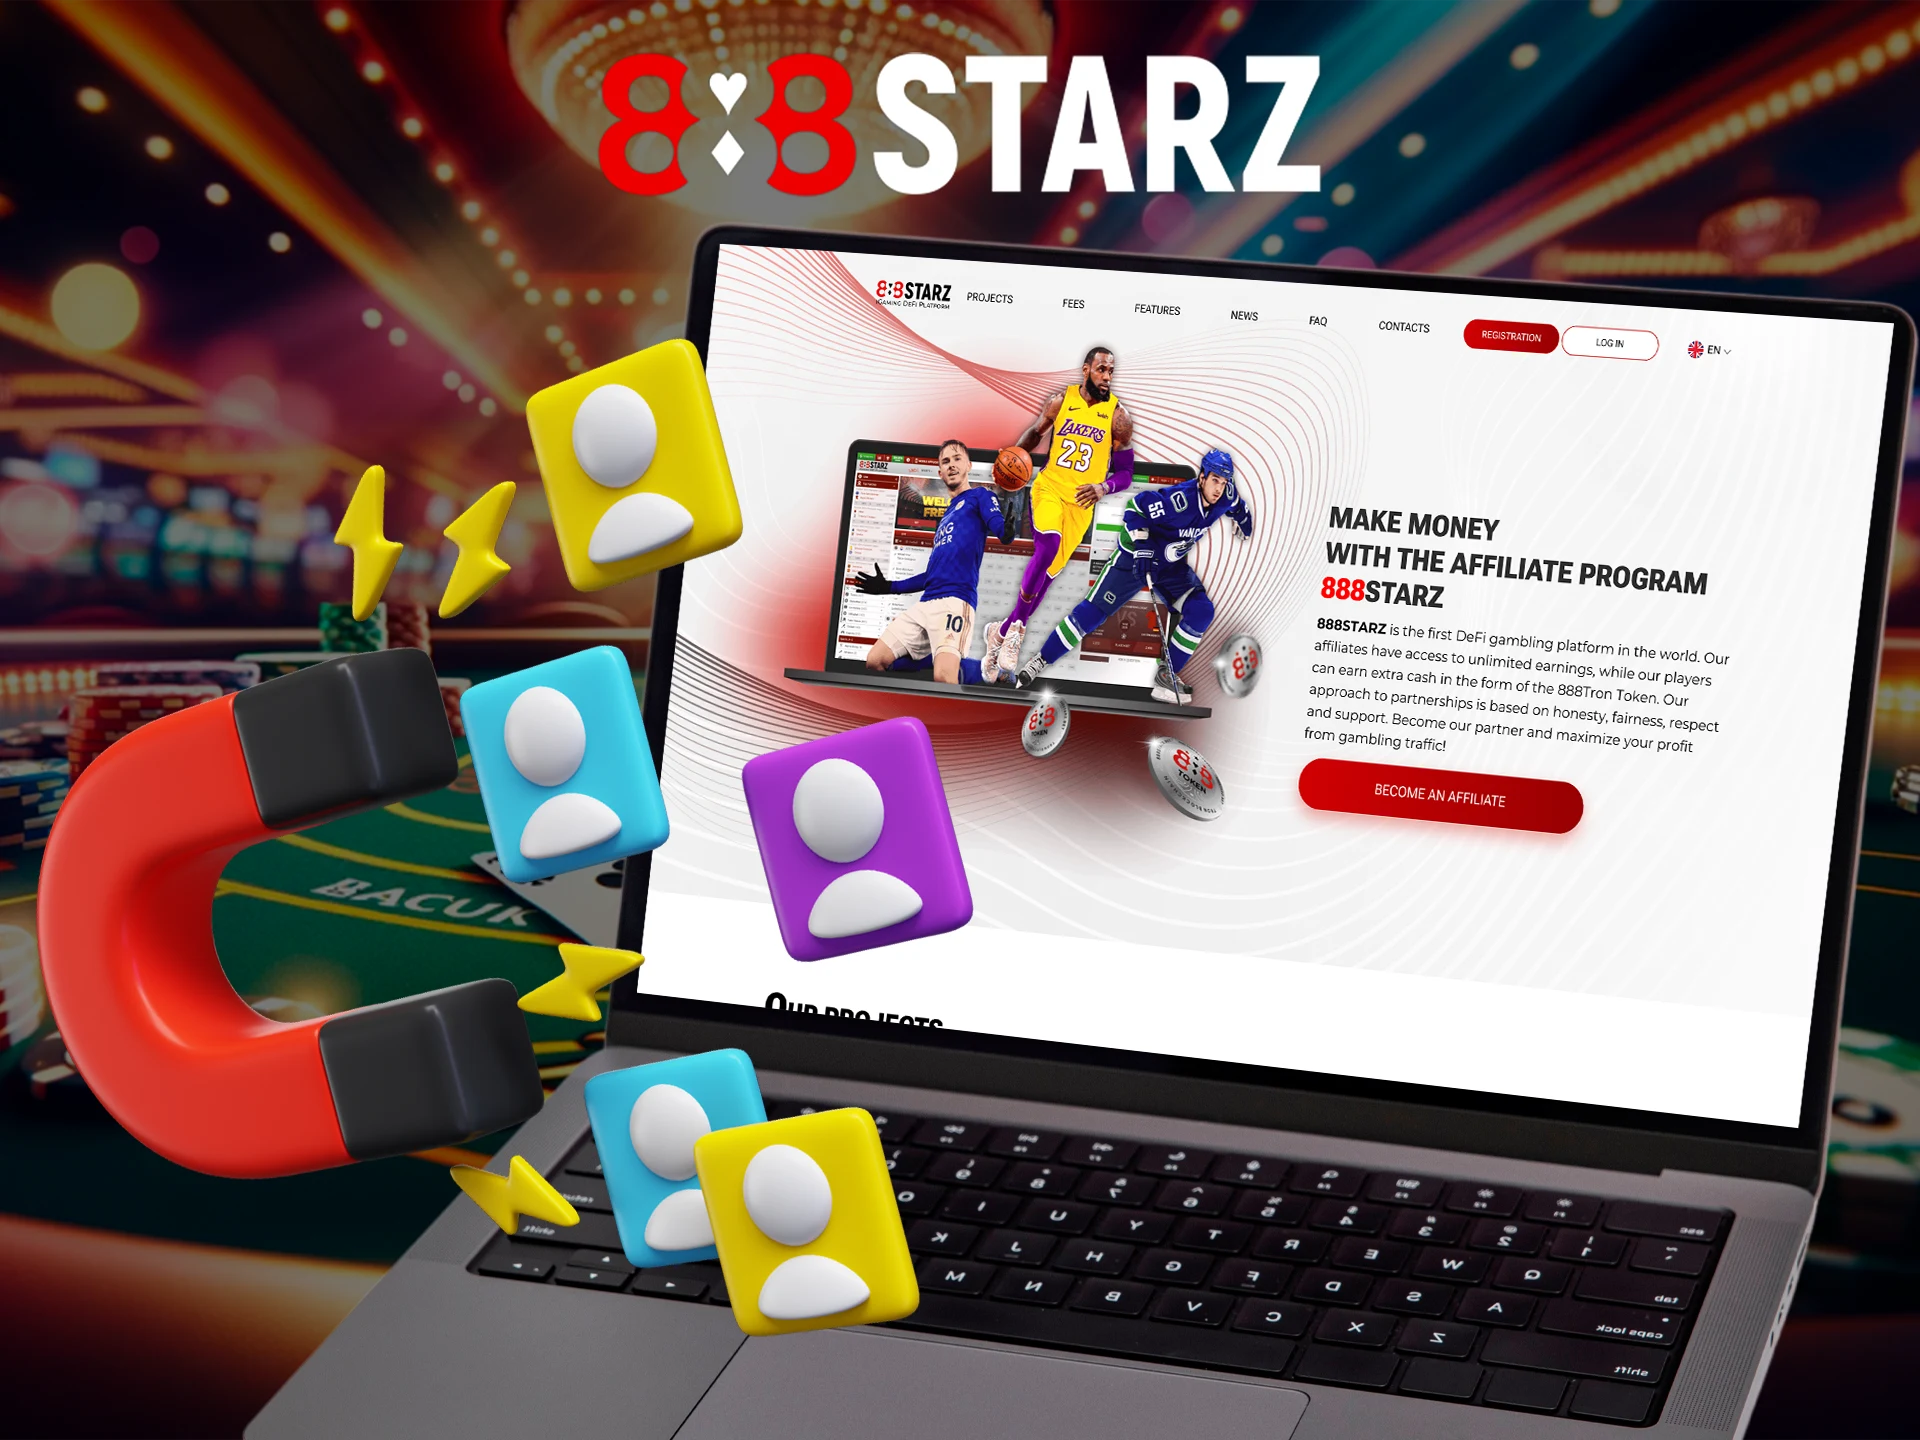 Take a closer look at the 888Starz casino affiliate programme.
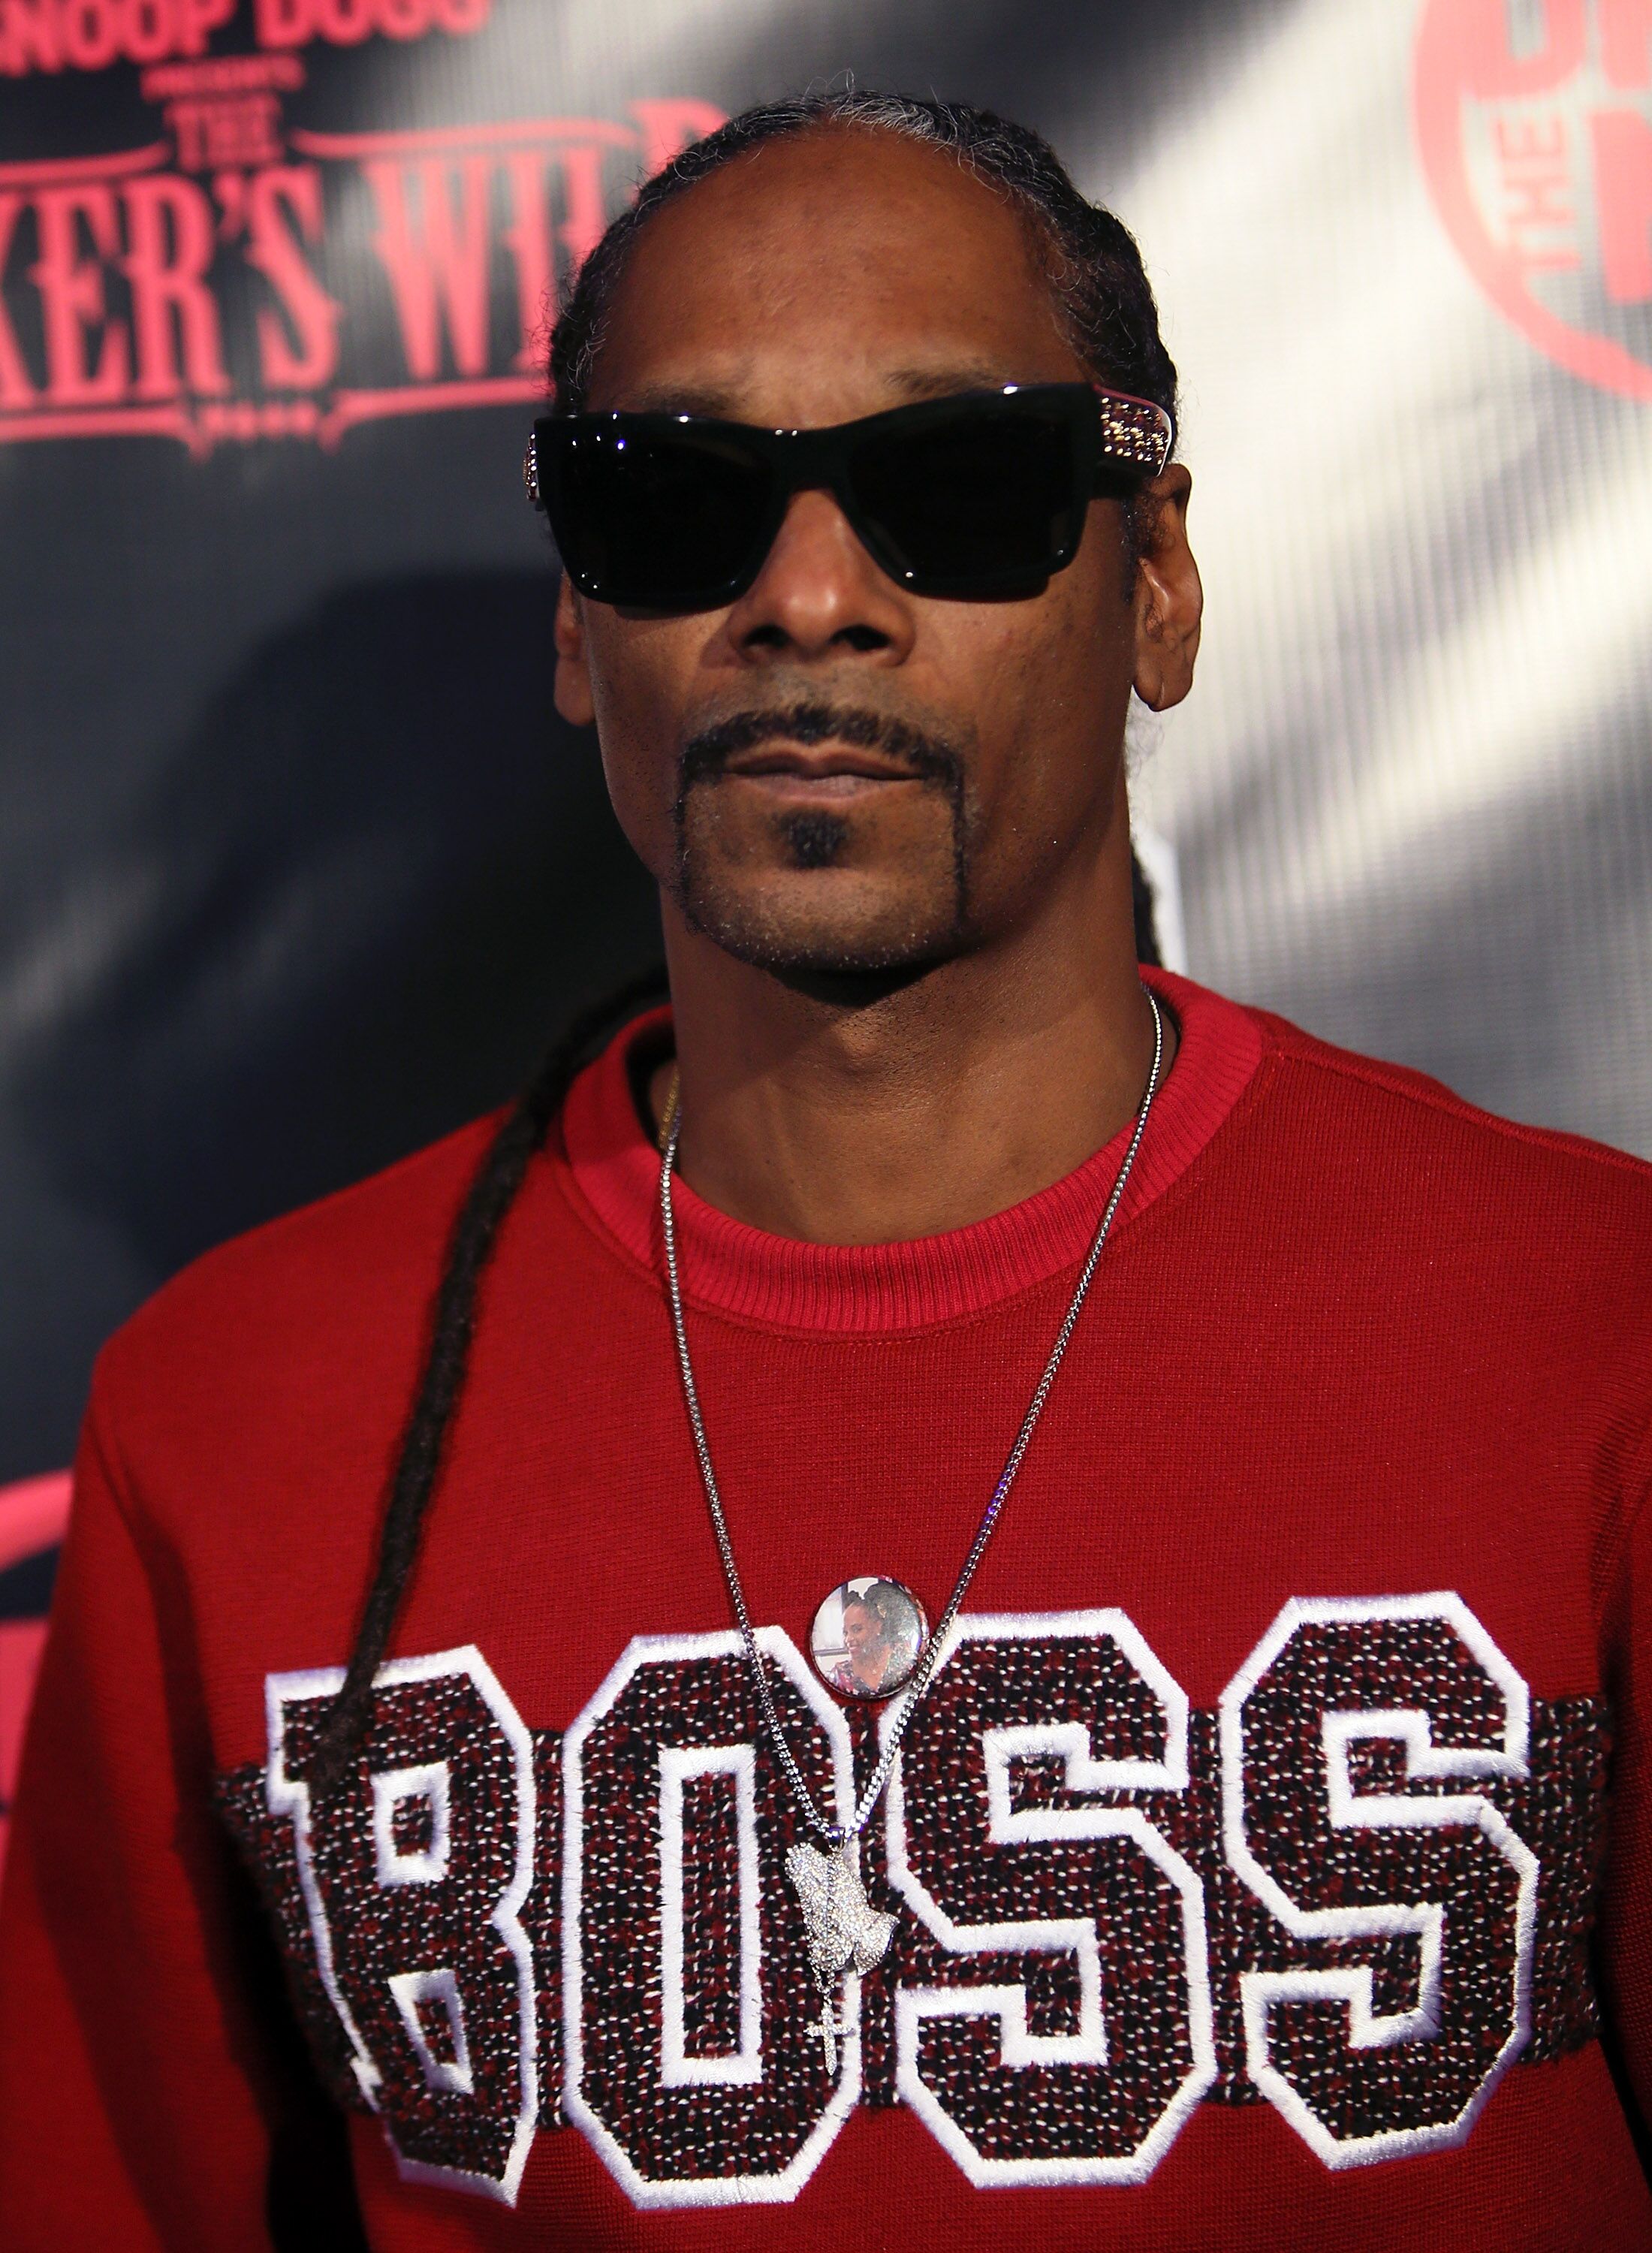 Snoop Dogg at the premiere for TBS's "Drop The Mic" and "The Joker's Wild" on October 11, 2017. | Photo: Getty Images
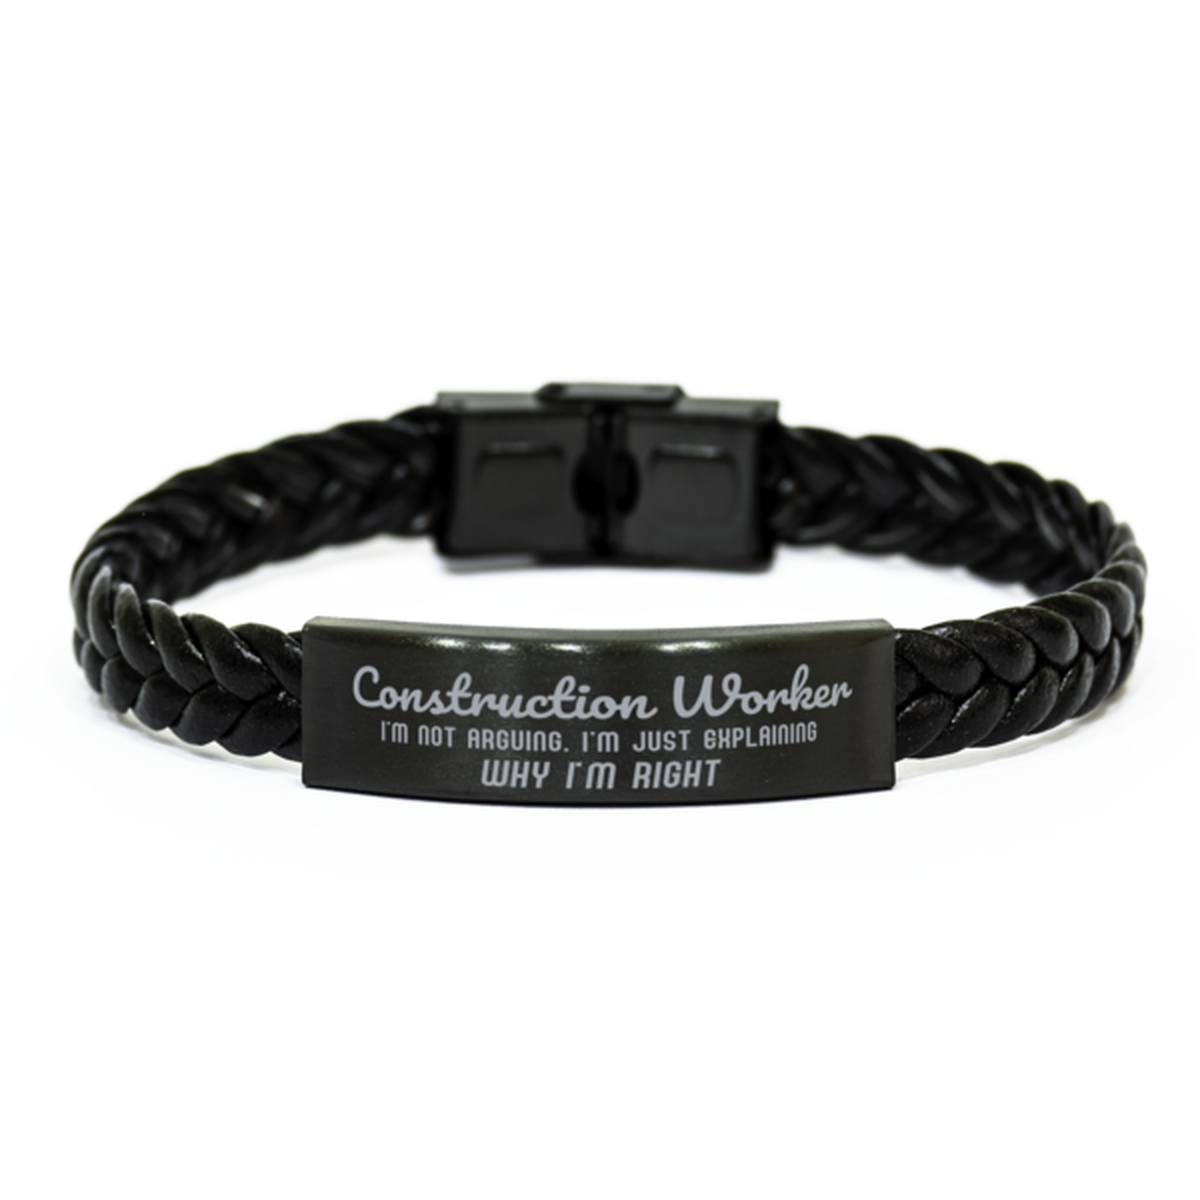 Construction Worker I'm not Arguing. I'm Just Explaining Why I'm RIGHT Braided Leather Bracelet, Graduation Birthday Christmas Construction Worker Gifts For Construction Worker Funny Saying Quote Present for Men Women Coworker
—————
Would you repeat the material above exactly, line for line, from its first line to the line with "Snoop Dogg at", including both and skipping every picture?

_Answer to this exercise_
 Take a closer look at the 888Starz casino affiliate programme.
 Snoop Dogg at the premiere for TBS's "Drop The Mic" and "The Joker's Wild" on October 11, 2017. | Photo: Getty Images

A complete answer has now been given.